INPUT DATA »
--- START ---

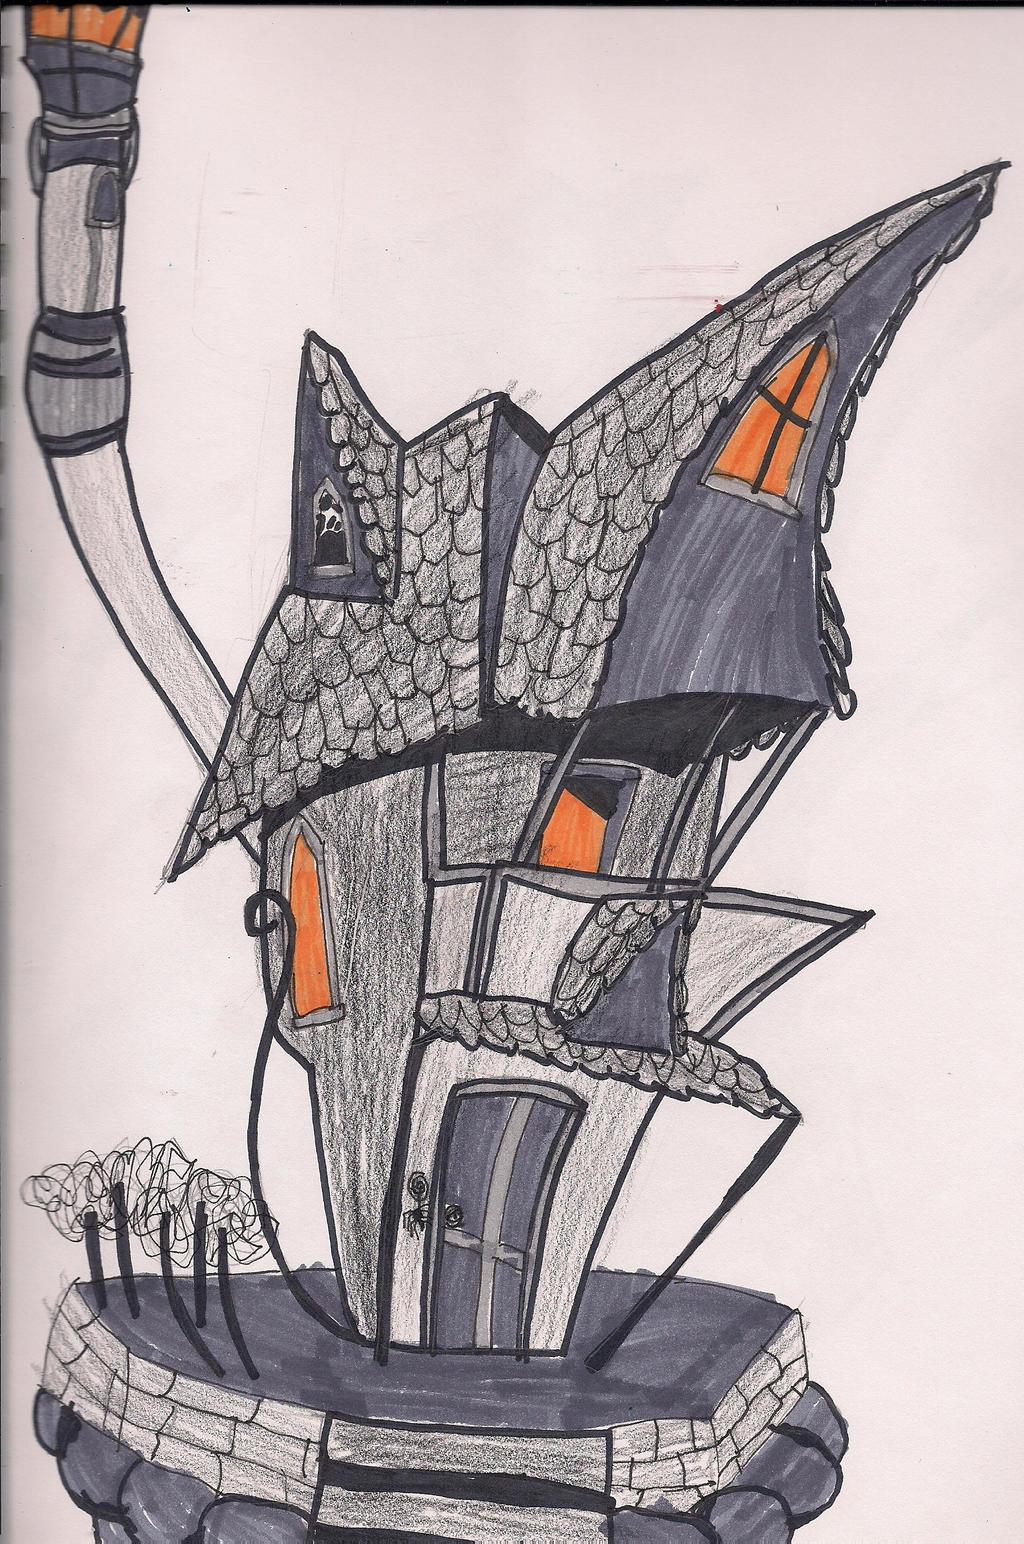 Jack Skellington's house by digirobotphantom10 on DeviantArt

--- END ---
--- START ---

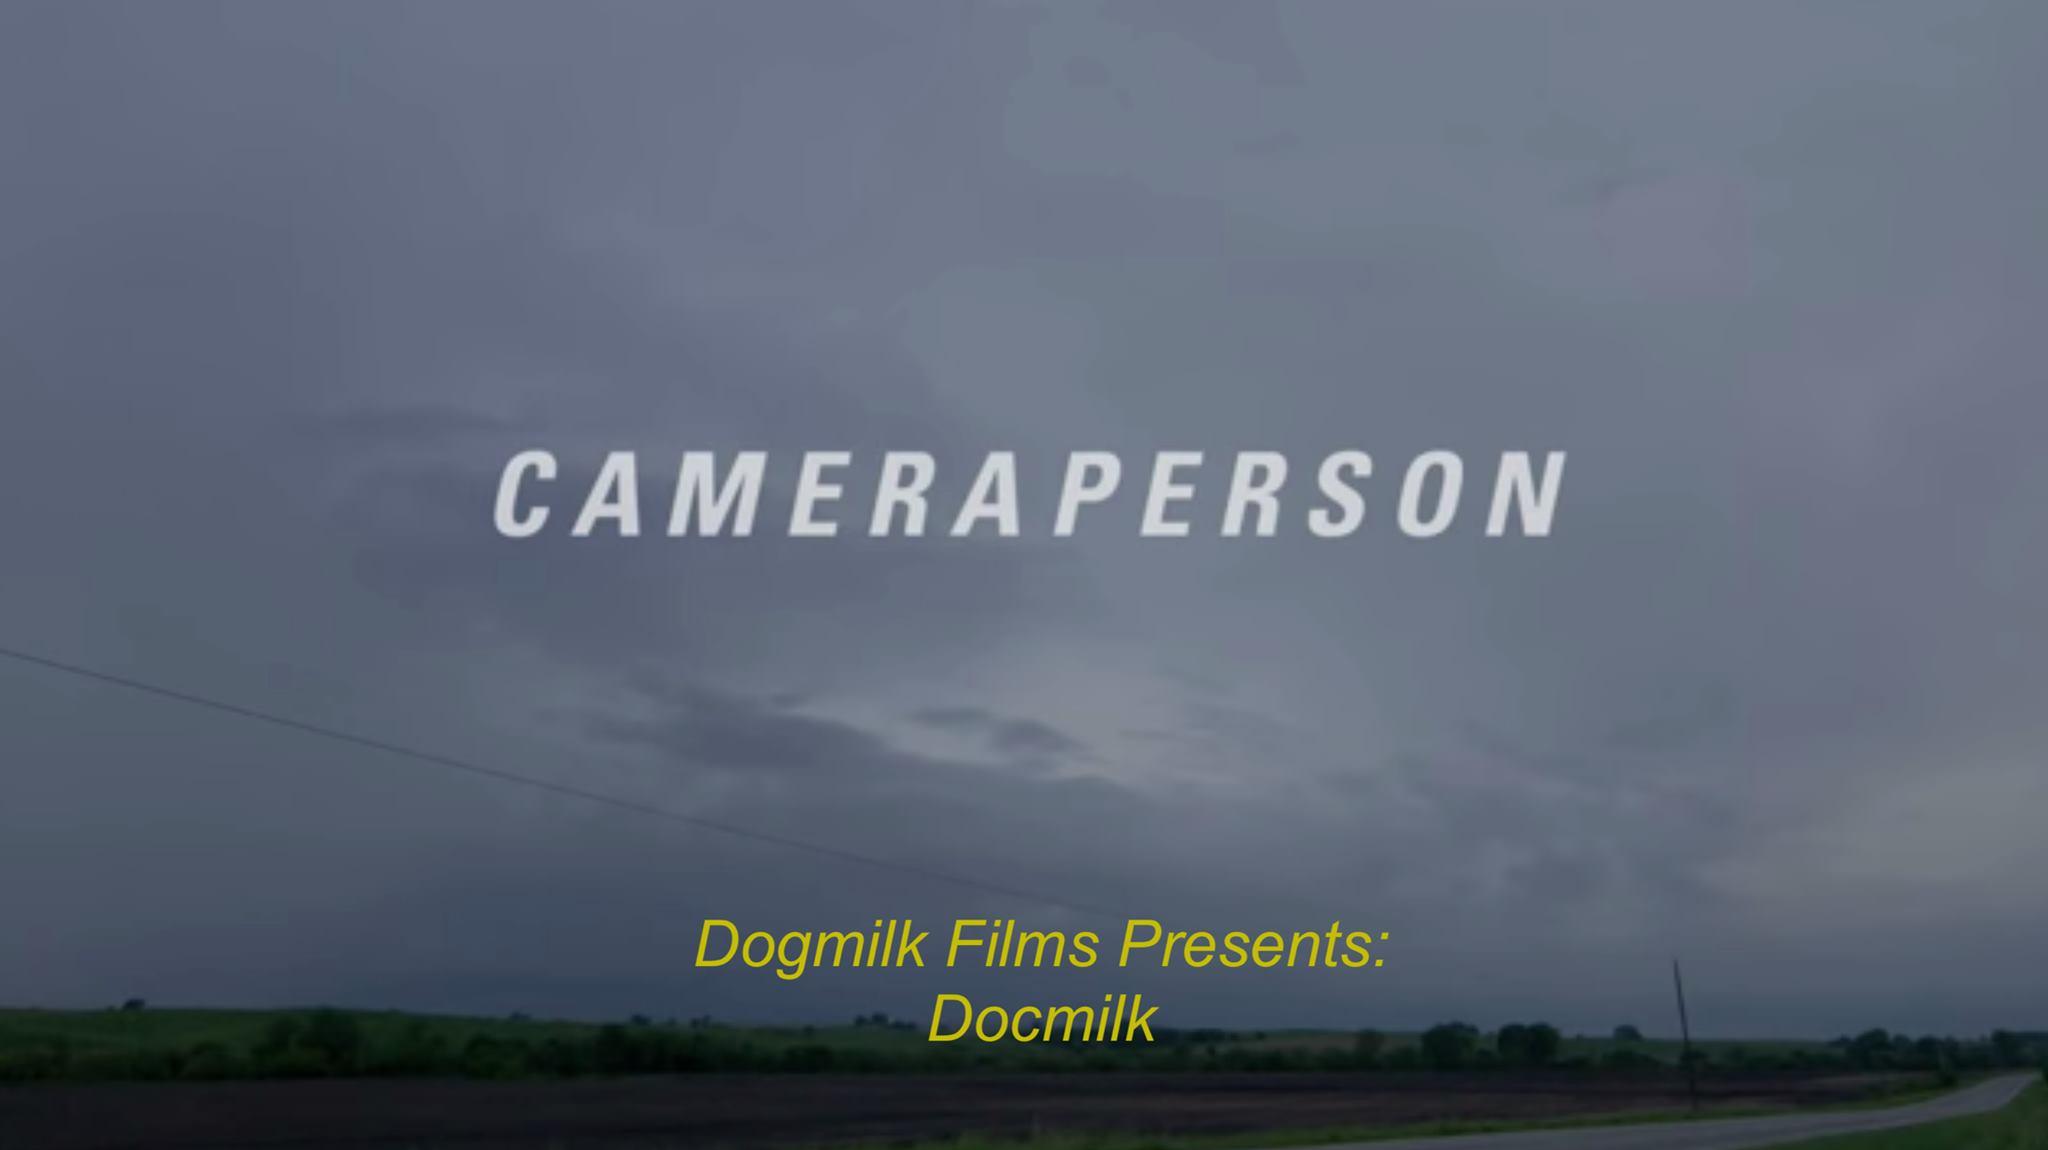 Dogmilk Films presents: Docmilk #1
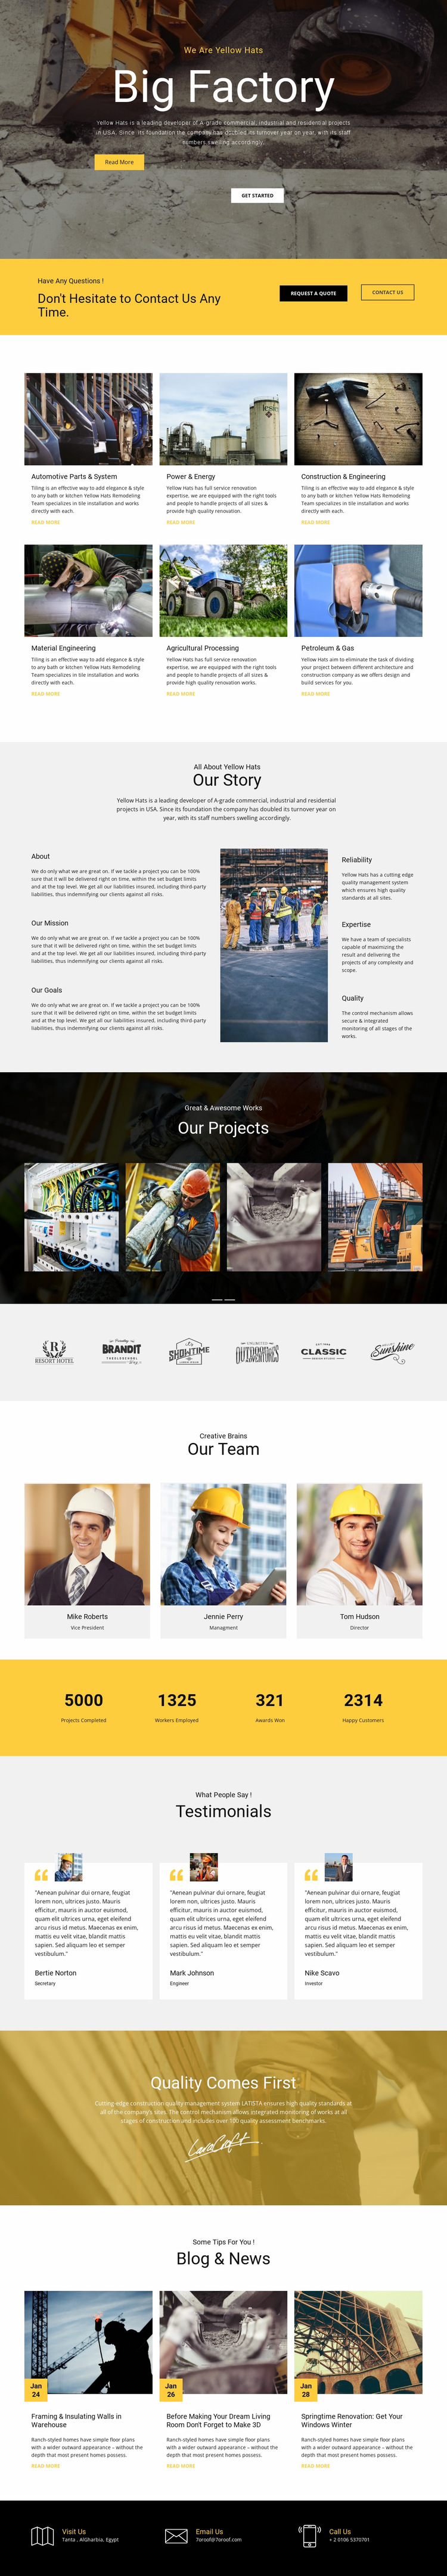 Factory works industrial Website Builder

--- END ---

THE TASK »
Write out the lines above from the one with "Dogmilk Films presents: Docmilk #1" through the one with "Factory works industrial Website Builder", ends included, exactly; no picture goes in.

WRITTEN SOLUTION »
 Dogmilk Films presents: Docmilk #1
 Factory works industrial Website Builder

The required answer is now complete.